Kanji Clash
An experimental Unity prototype where combat is driven by Japanese word input through an IME.
Problem
Traditional game input systems are not designed around IME workflows. In a Japanese typing-based combat system, the player may need to open composition, select candidate text, confirm input, submit the word, and transition back into combat state.
That process has to coexist with focus management, input locking/unlocking, combat state transitions, UI updates, and game timing.
Why IME Input Is Hard in Games
What looks simple at the idea level — type a word, press enter, attack — becomes much harder when the actual sequence involves IME selection, composition confirmation, focus retention, and battle transitions.

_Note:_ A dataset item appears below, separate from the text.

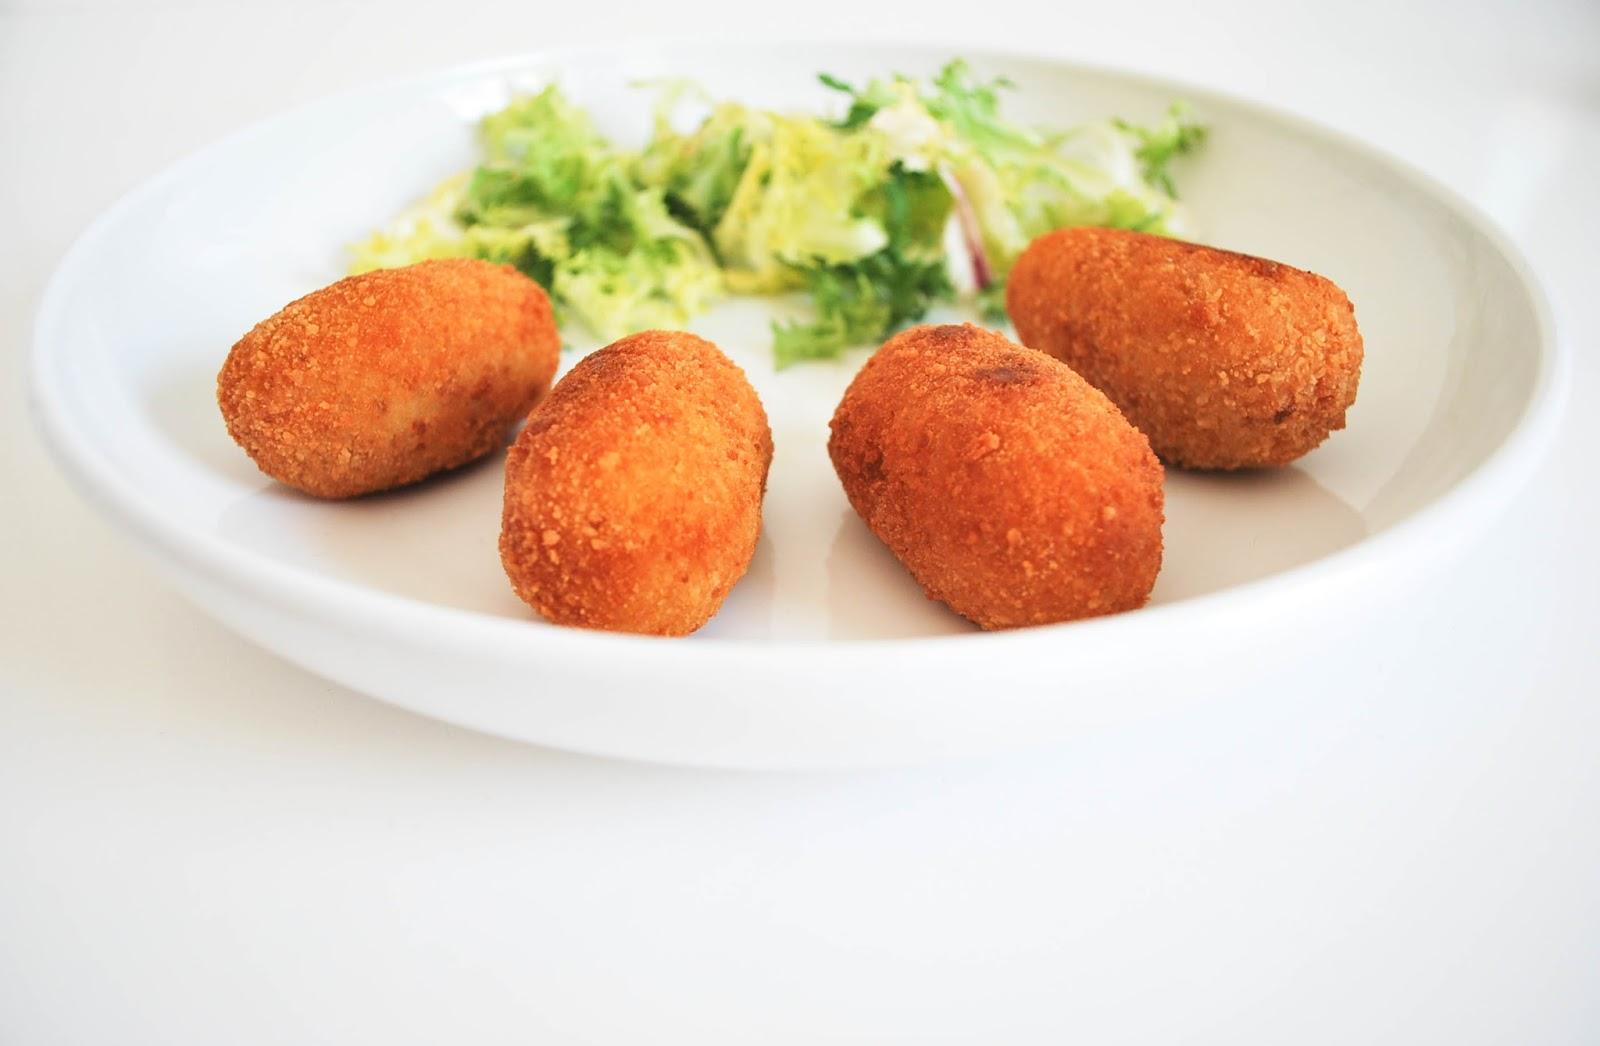 http://www.hommum.com/2014/06/creative-food-band-croquetas-caseras-sin-gluten.html #recetassingluten

Standard Unity input expectations break down for Japanese composition workflows. The composition lifecycle does not map cleanly onto Unity’s UI/input flows.
Input Flow Design
IME behavior was treated as the central system constraint rather than an implementation detail. The design was evaluated around enable/disable/refocus timing instead of only validating text correctness. The interaction between battle state and input state was treated as a single design problem.
Battle State Coordination
The prototype explored where standard Unity input expectations break down for Japanese composition workflows. Key challenges included managing IME lifecycle correctly inside Unity UI/input flows, handling composition without breaking combat rhythm, and keeping focus stable when enabling/disabling input fields.
Current Limitations
This is an experimental prototype. It demonstrates the core input challenge but does not represent a complete game. The value is in the input-system and state-management exploration, not in gameplay polish.
Lessons Learned
This project exposes how quickly UX breaks when text composition, focus handling, and gameplay state are not designed together. It forced careful thinking around UI ownership, timing, input state machines, scene/battle transitions, and what “responsive” means in an IME-driven game.